A Break in the Waves: The Cefaly

After trying the Timolol Maleate eye drops for 6 weeks, I was feeling a lot better, but I was still getting migraines (in addition to the sensation of constant rocking/bobbing/swaying, of course).  For me, “migraines” mean head pain, brain fog, vertigo, visual auras, bursts of tinnitus, and numbness. I was still experiencing constant light sensitivity, and the increased time on technology required to work from home was challenging.  

My doctor prescribed the Cefaly device.  According to the website, it is an external trigeminal nerve stimulation device.  It sends tiny electrical impulses to modify pain transmission and processing in the trigeminal nerve, which plays a large role in migraines and sensory sensitivities.

There are two ways to use it:

  1. Preventative Setting: Use 20 minutes daily to prevent migraine attacks and symptoms.
  2. Acute Setting: Use 60 minutes to stop or reduce migraines during an attack.

To use the Cefaly, you place an electrode on your forehead, which the device sticks to (it’s a magnet).  The Cefaly vibrates, starting almost imperceptibly, then increasing the strength of the vibrations to calm the trigeminal nerve.

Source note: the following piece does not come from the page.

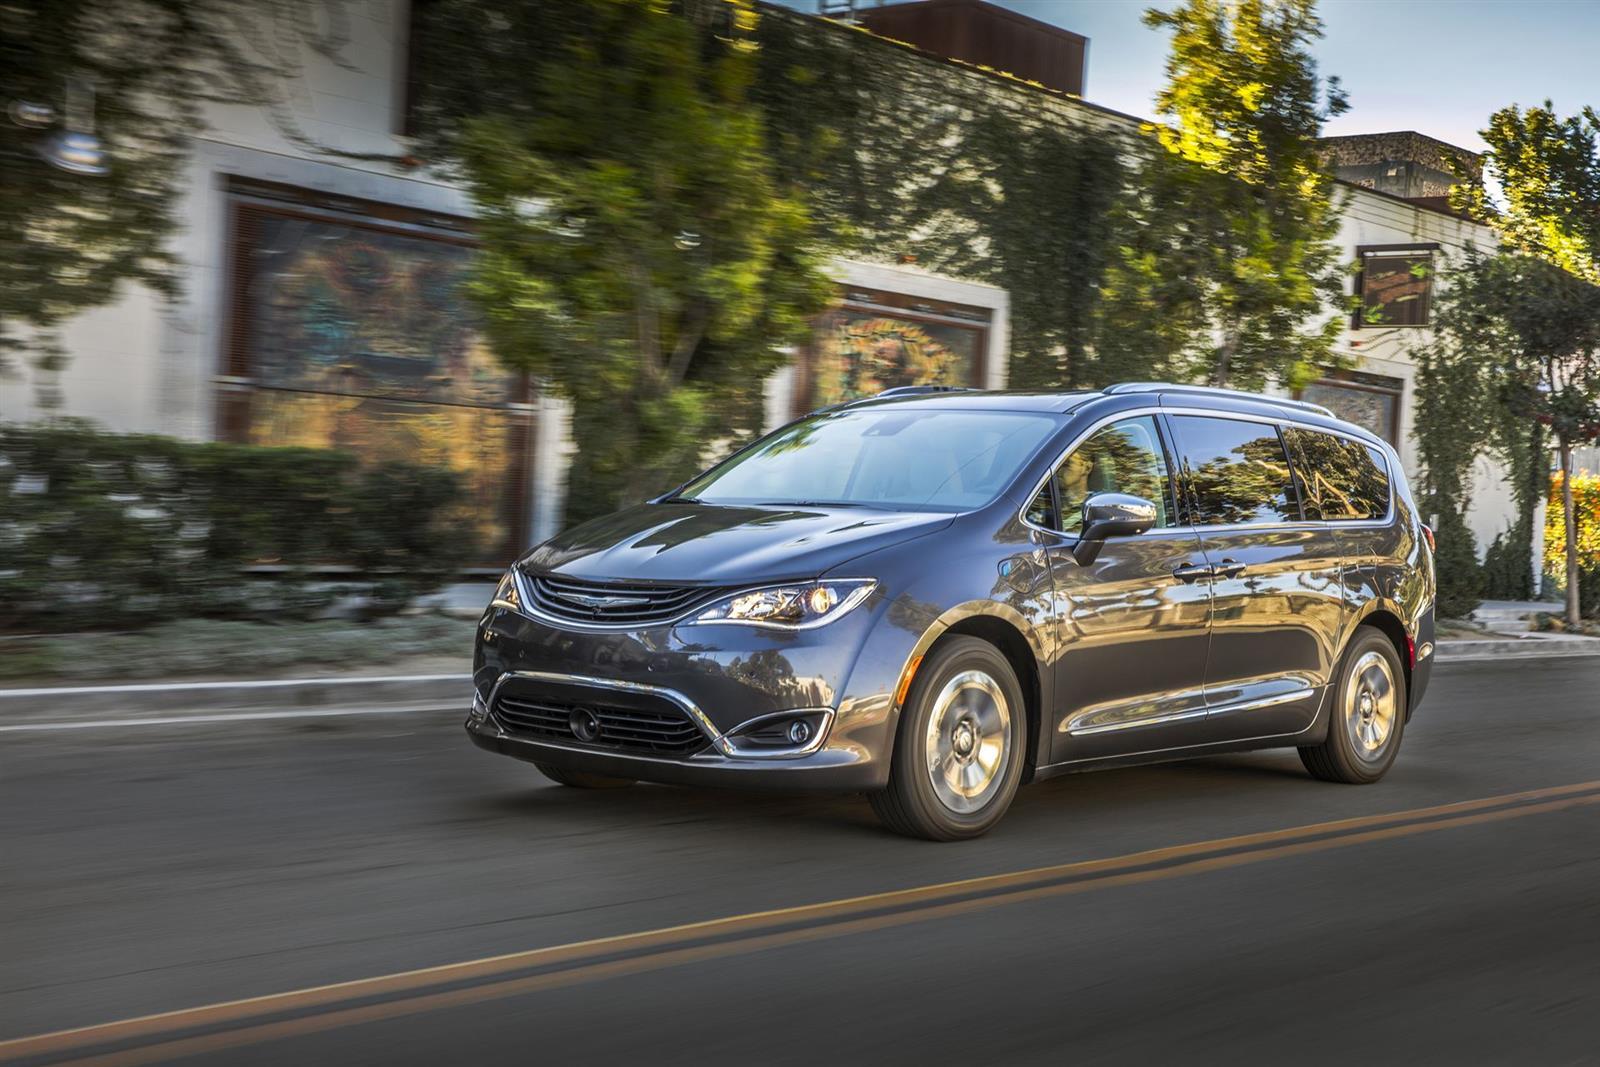 2018 Honda Odyssey Elite Review You Get a Lot of Minivan

For me, the hope was that the device would not only prevent or stop migraine attacks, but that it would also reduce light sensitivity and the constant motions of Mal de Debarquement Syndrome.

Following my first use of the Cefaly, I felt a slight headache, but also a rush of calm and ease.  I was excited to keep using it.  

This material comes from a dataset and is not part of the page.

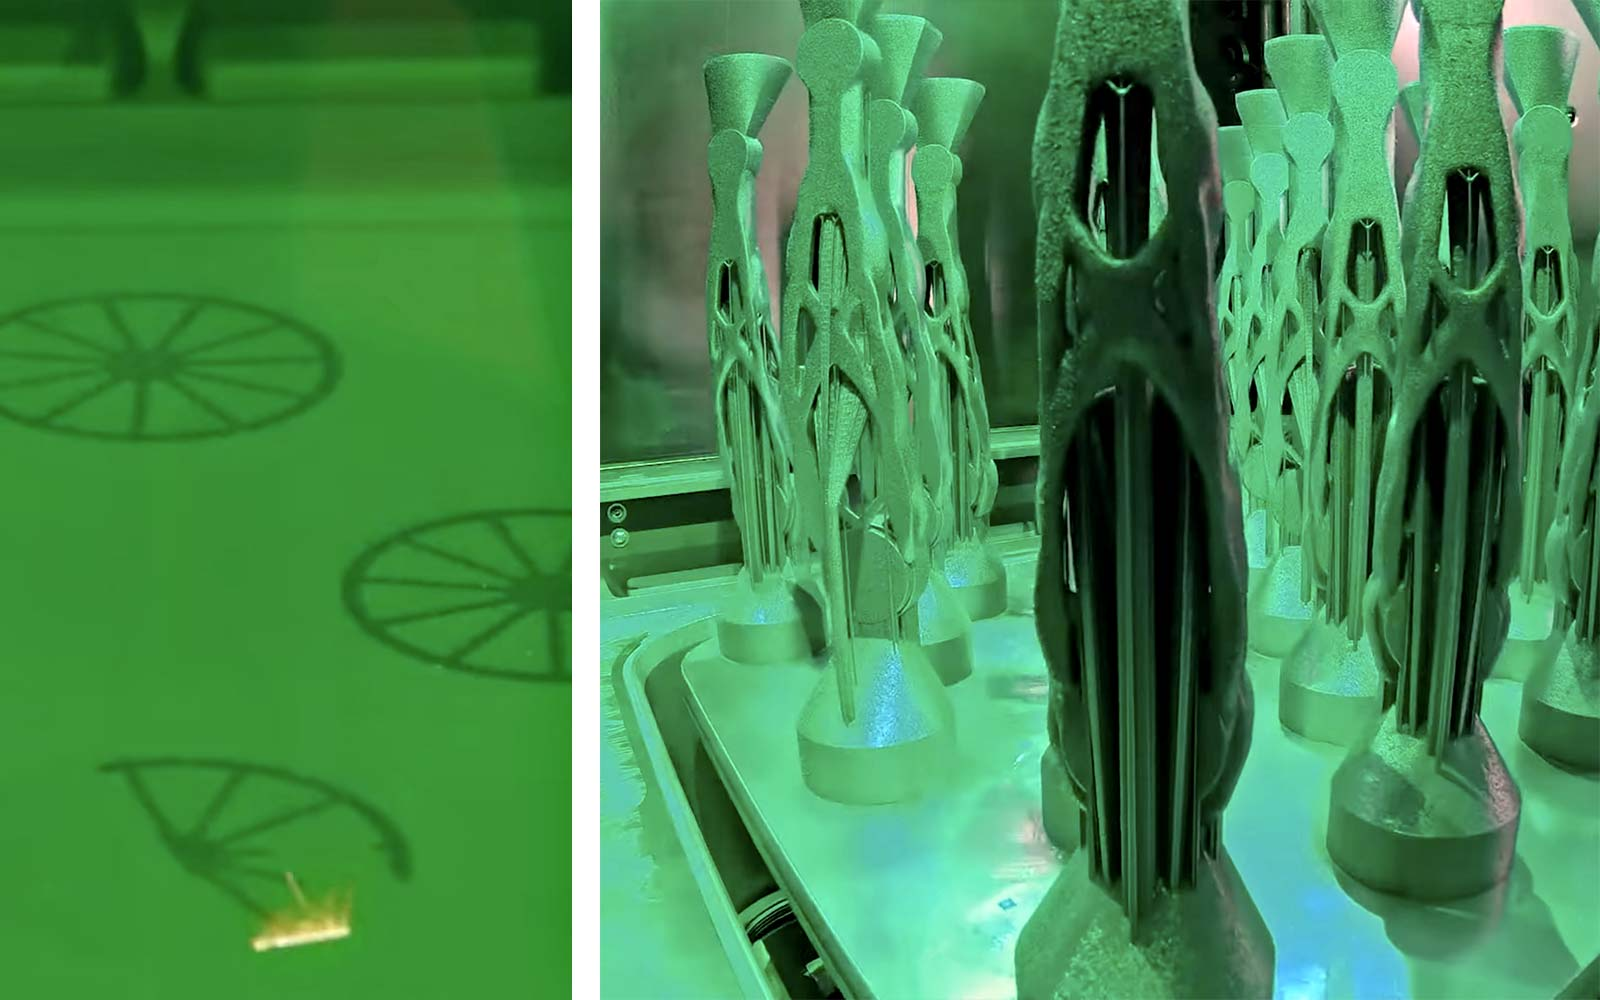 SRAM Autodesk Ai generative design prototype MTB cranks, machine-learning artificial intelligence, additive manufacturing sintered metal

Later that day, I started to feel vibrations when I wasn’t wearing the Cefaly.  I wasn’t surprised because this kind of thing had happened to me before. I believe it’s a symptom of MdDS (but if you have VM and this happens to you, too, let me know!).   As you know, I relive the motions of boat rides and other transportation, but I also have to avoid things like electric toothbrushes or rolling chairs, because if I use them, I tend to relive those motions later in the day throughout my body (e.g. spinning toothbrush = feeling spinning motions, rolling chair = feeling like I’m rolling when I’m not moving).

The vibrations didn’t really bother me at first.  They seemed to block out the rocking/bobbing/swaying, so vibrating instead felt like an improvement!  After a week though, it was starting to drive me crazy.  I felt like my migraine symptoms were improving, but I was going about my day surprised by vibrations in my legs, arms, face, and feet, lasting minutes to hours.  Sometimes my vision looked like it was vibrating.  

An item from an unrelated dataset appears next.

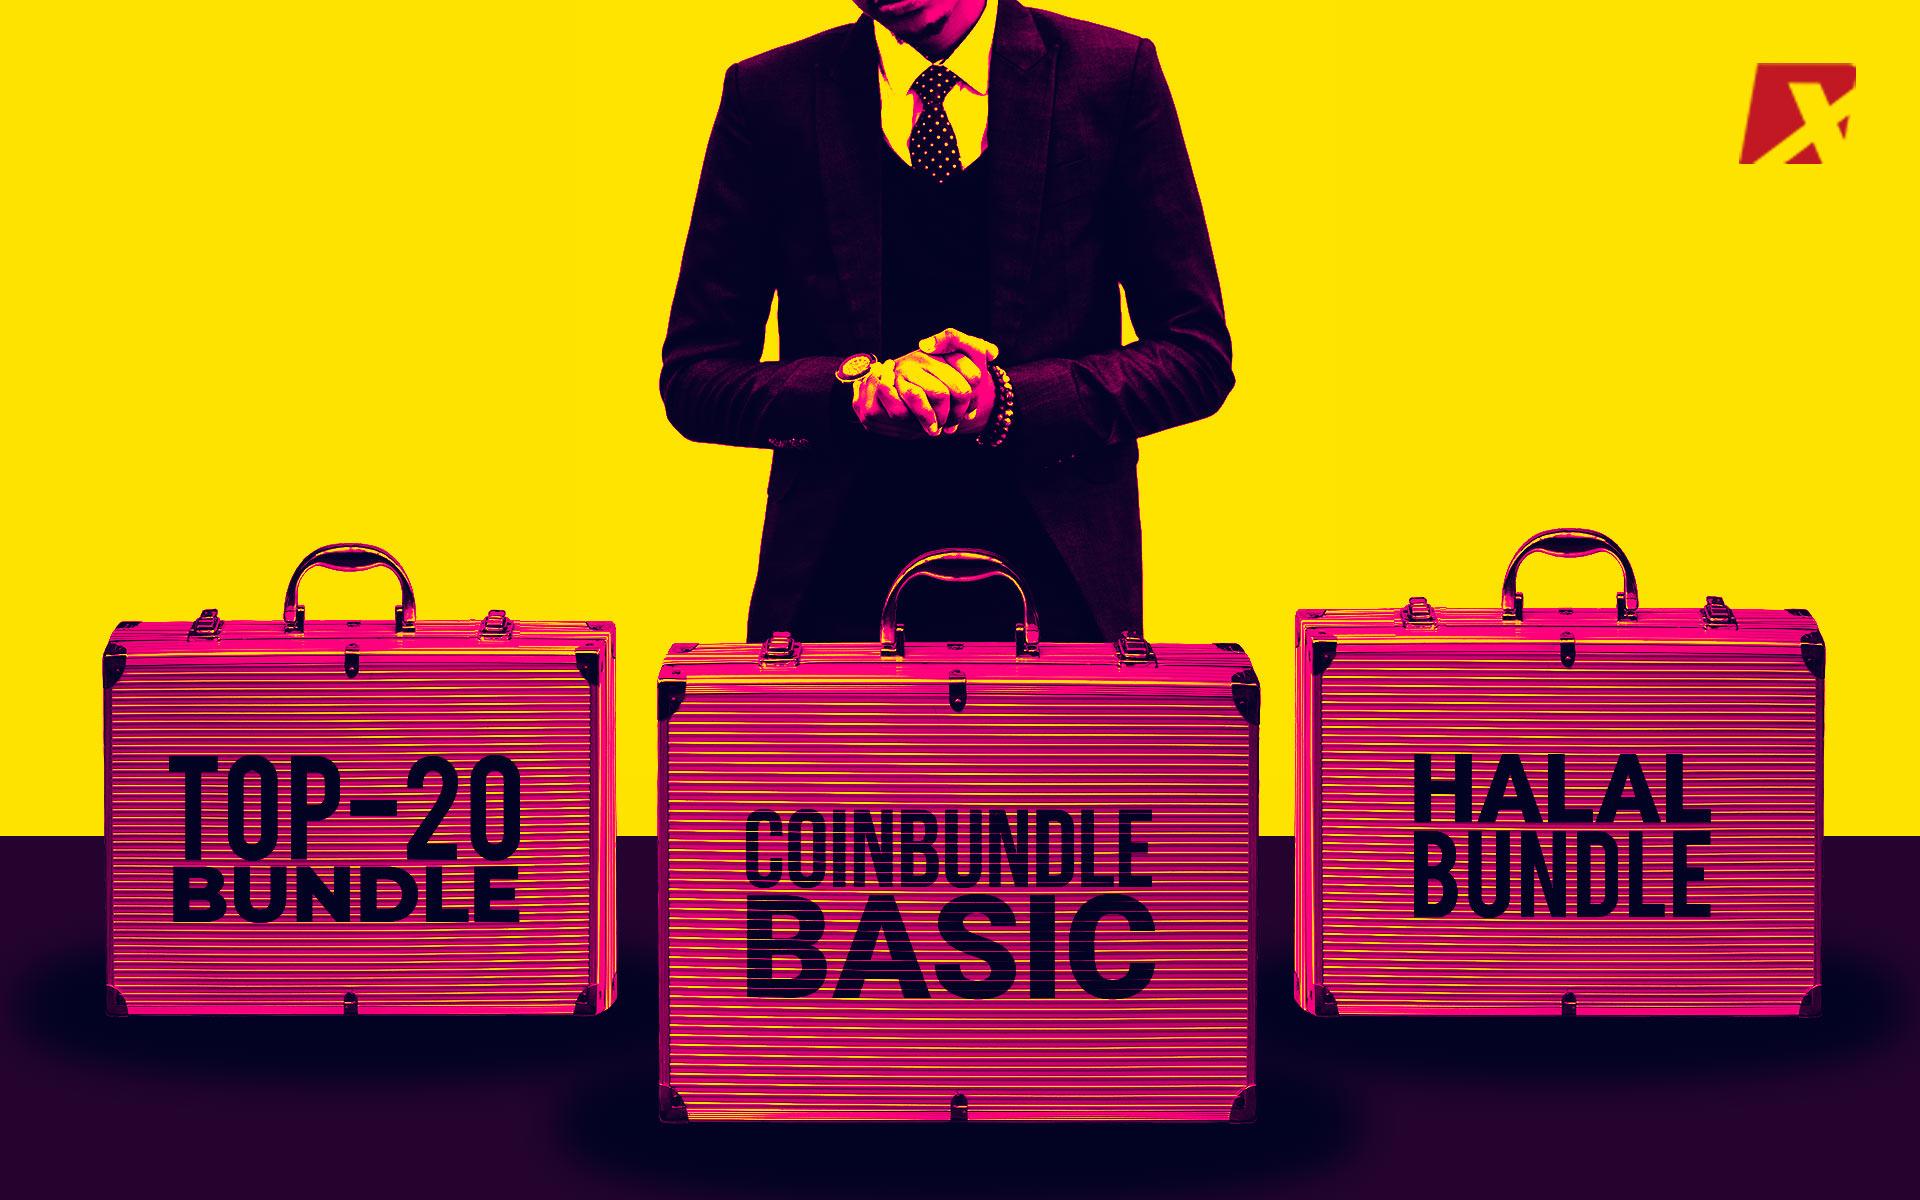 Crypto Investing Platform CoinBundle Adds 3 New Bundles For Investors

Ready to give up on it, I messaged my doctor.  He said to keep the Cefaly on a lower setting (by pressing the button on the front) to stop it from increasing the vibrations.  This would hopefully keep the vibrations low enough to help, but not strong enough to relive them. I was skeptical, but I figured it was worth a shot.  

It totally was.  The vibrations quickly became tolerable and less frequent. Over the next few weeks, I started to feel really good.  I didn’t have any migraines.  I felt calmer.  I noticed that I was working on my computer without light sensitivity glasses.  Before the Cefaly, my eyes felt strained just looking at a screen without them, but now I wasn’t even noticing if I had them on or not.  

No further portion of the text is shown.